Task objective
Every line of the listing belongs in your answer exactly as written; the images do not.

Data shown
----

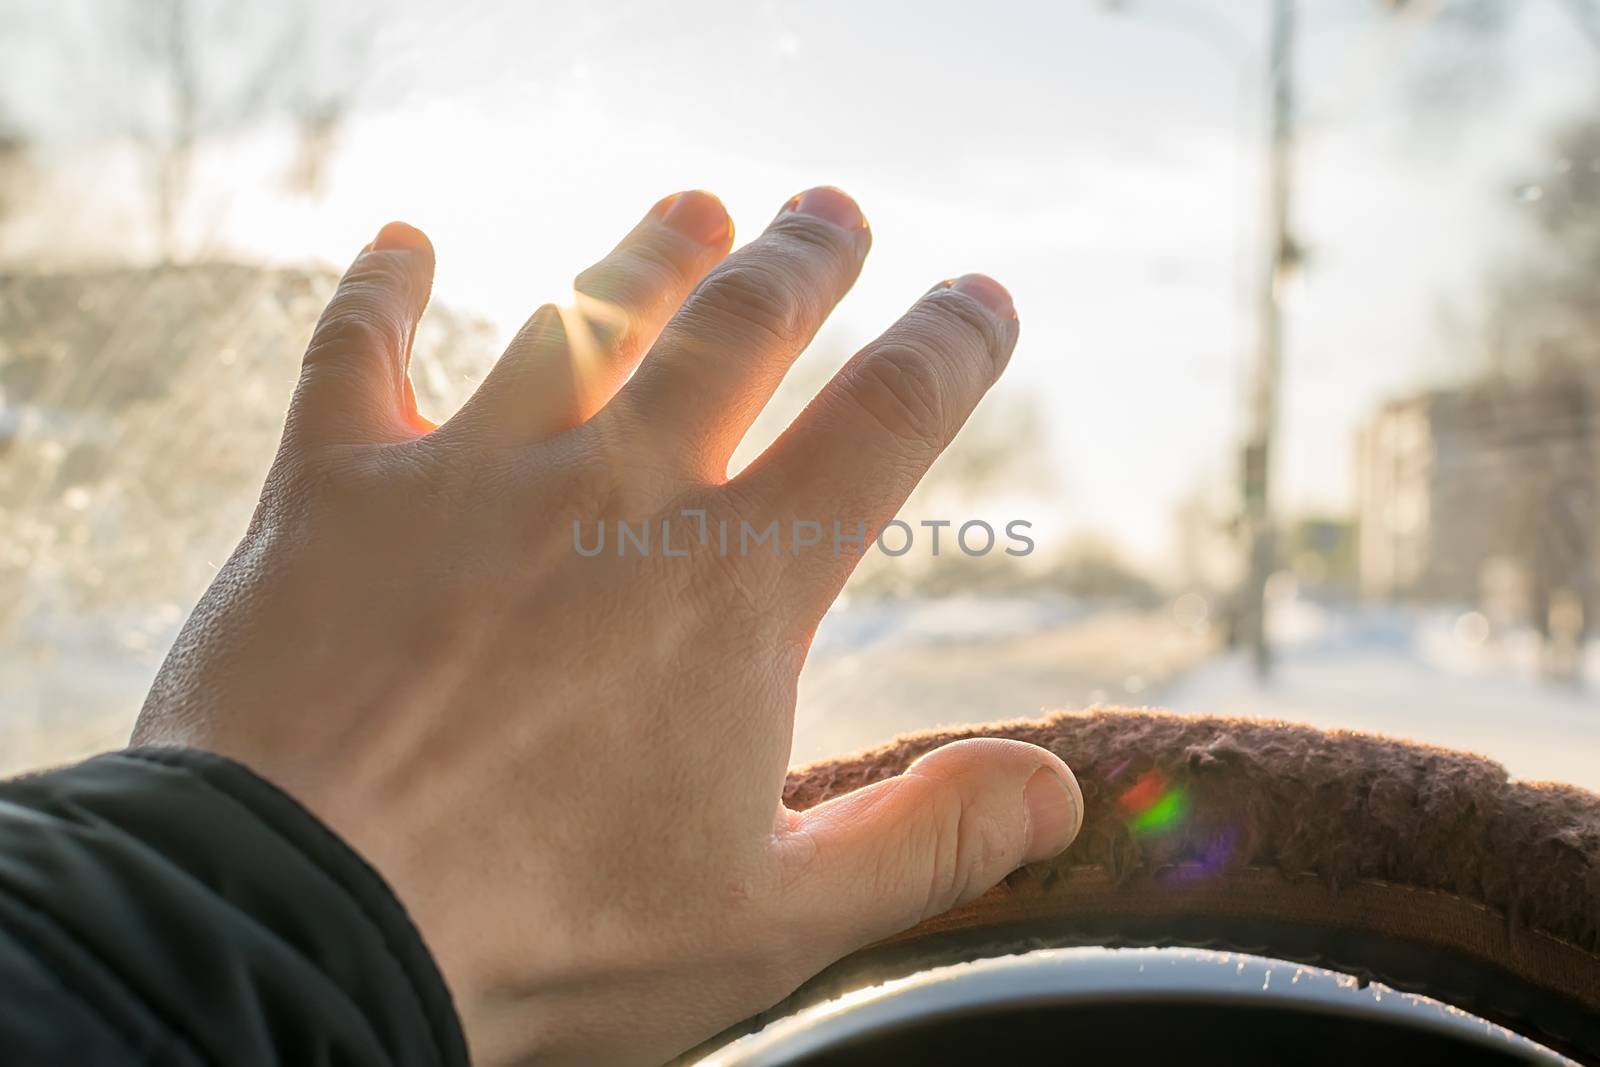 The hand of the driver of the car covers the sunlight, which blinds the person to see the road situation
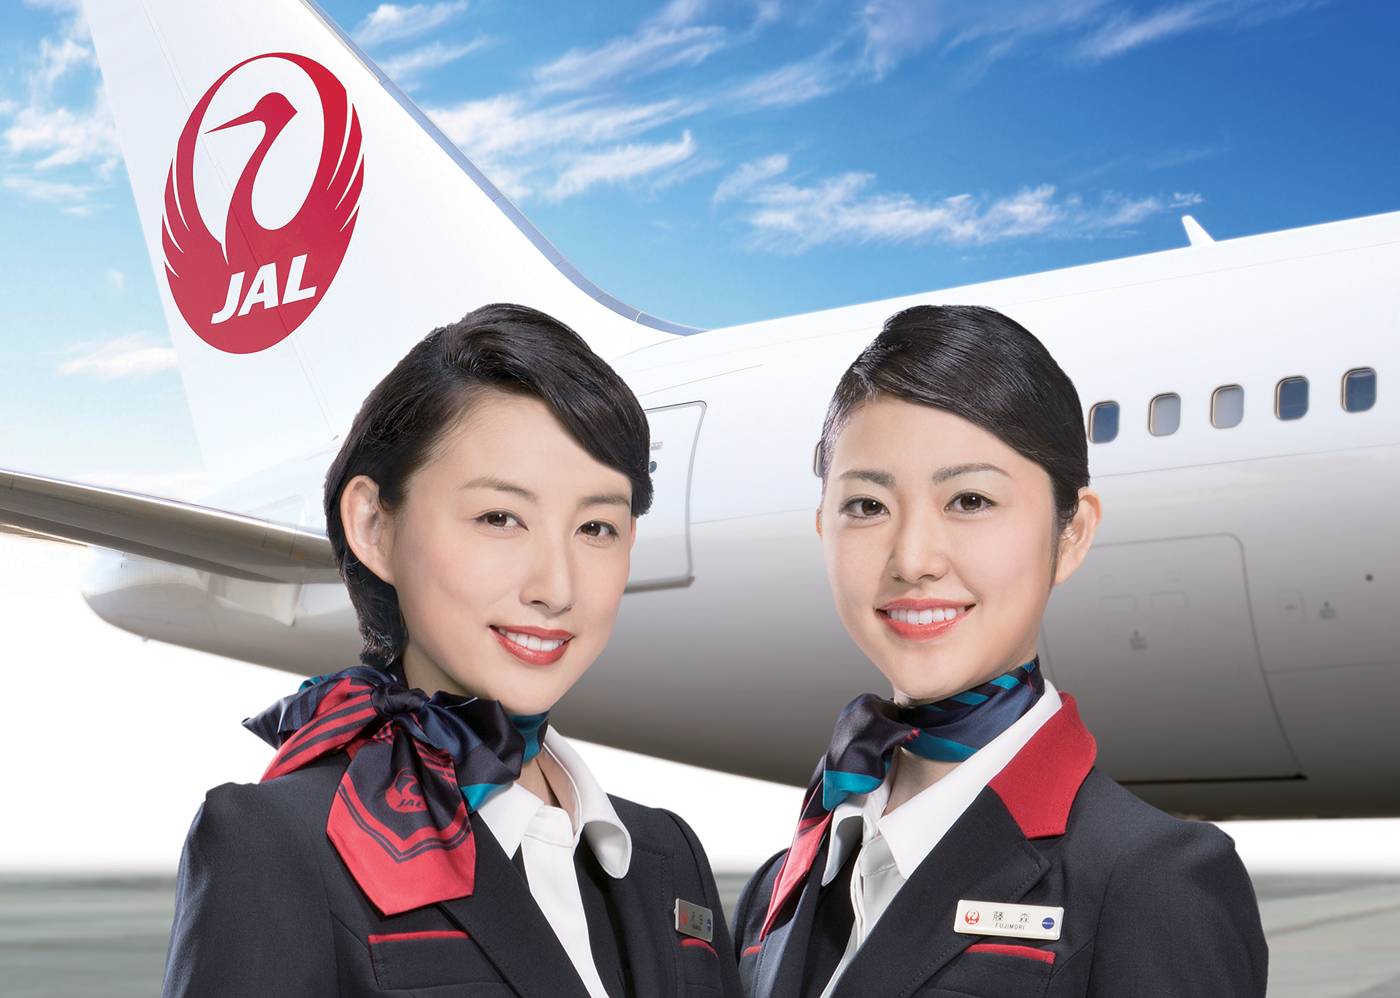 How do i contact japan airlines(jal) customer service
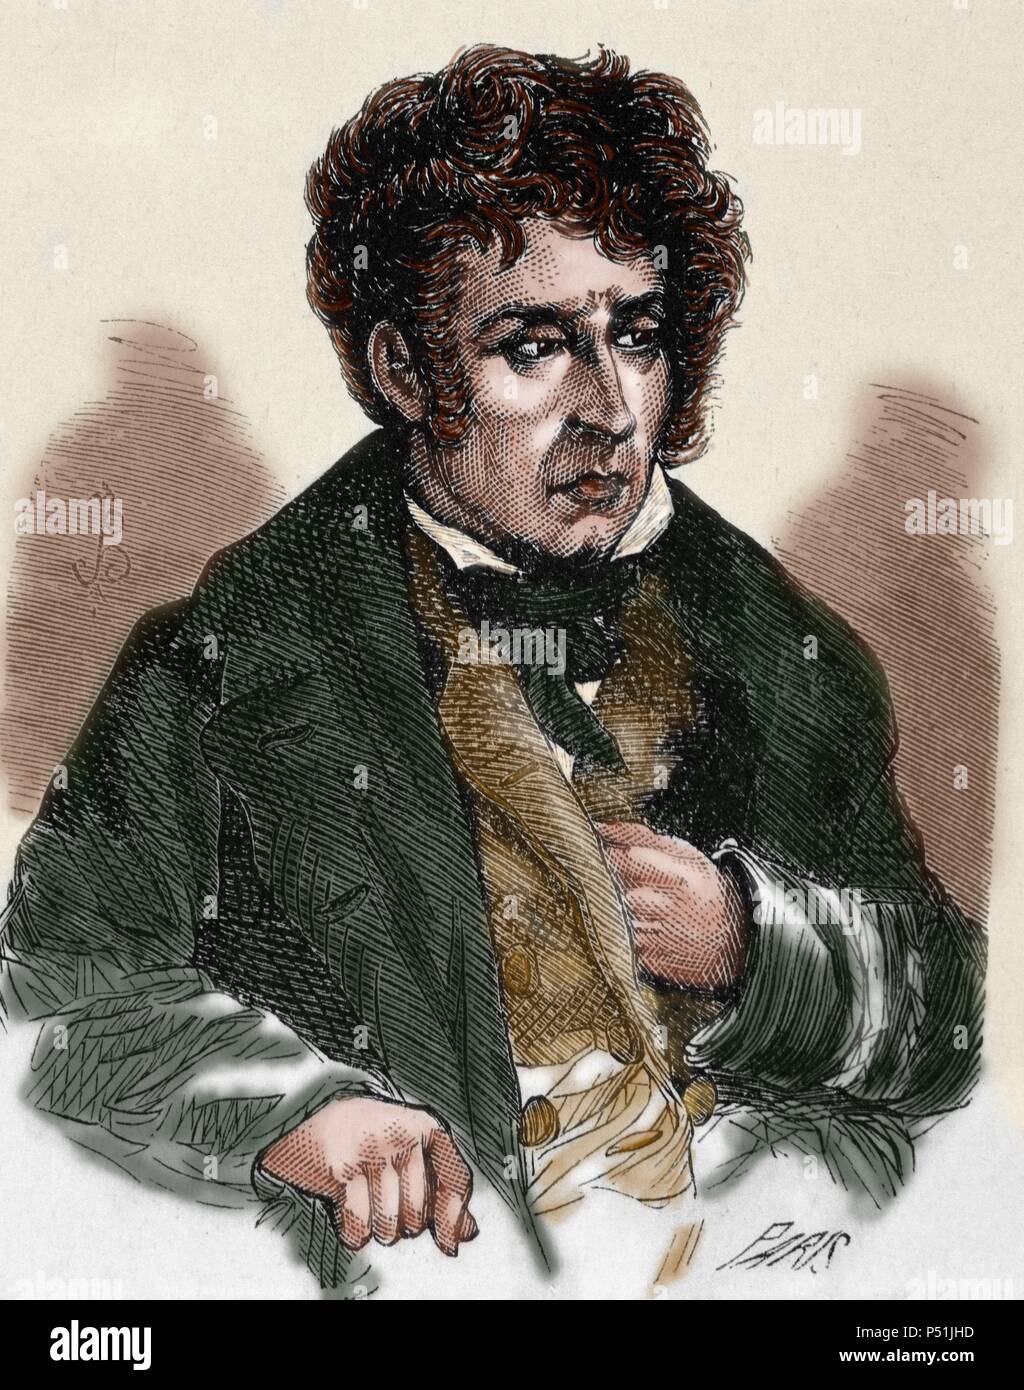 Chateaubriand, Franc¸ois Rene´, Vicomte de (1768-1848). French writer and member of the French Academy (1811). Nineteenth-century colored engraving. Stock Photo

----

Response to this exercise
 The hand of the driver of the car covers the sunlight, which blinds the person to see the road situation
 How do i contact japan airlines(jal) customer service
 Chateaubriand, Franc¸ois Rene´, Vicomte de (1768-1848). French writer and member of the French Academy (1811). Nineteenth-century colored engraving. Stock Photo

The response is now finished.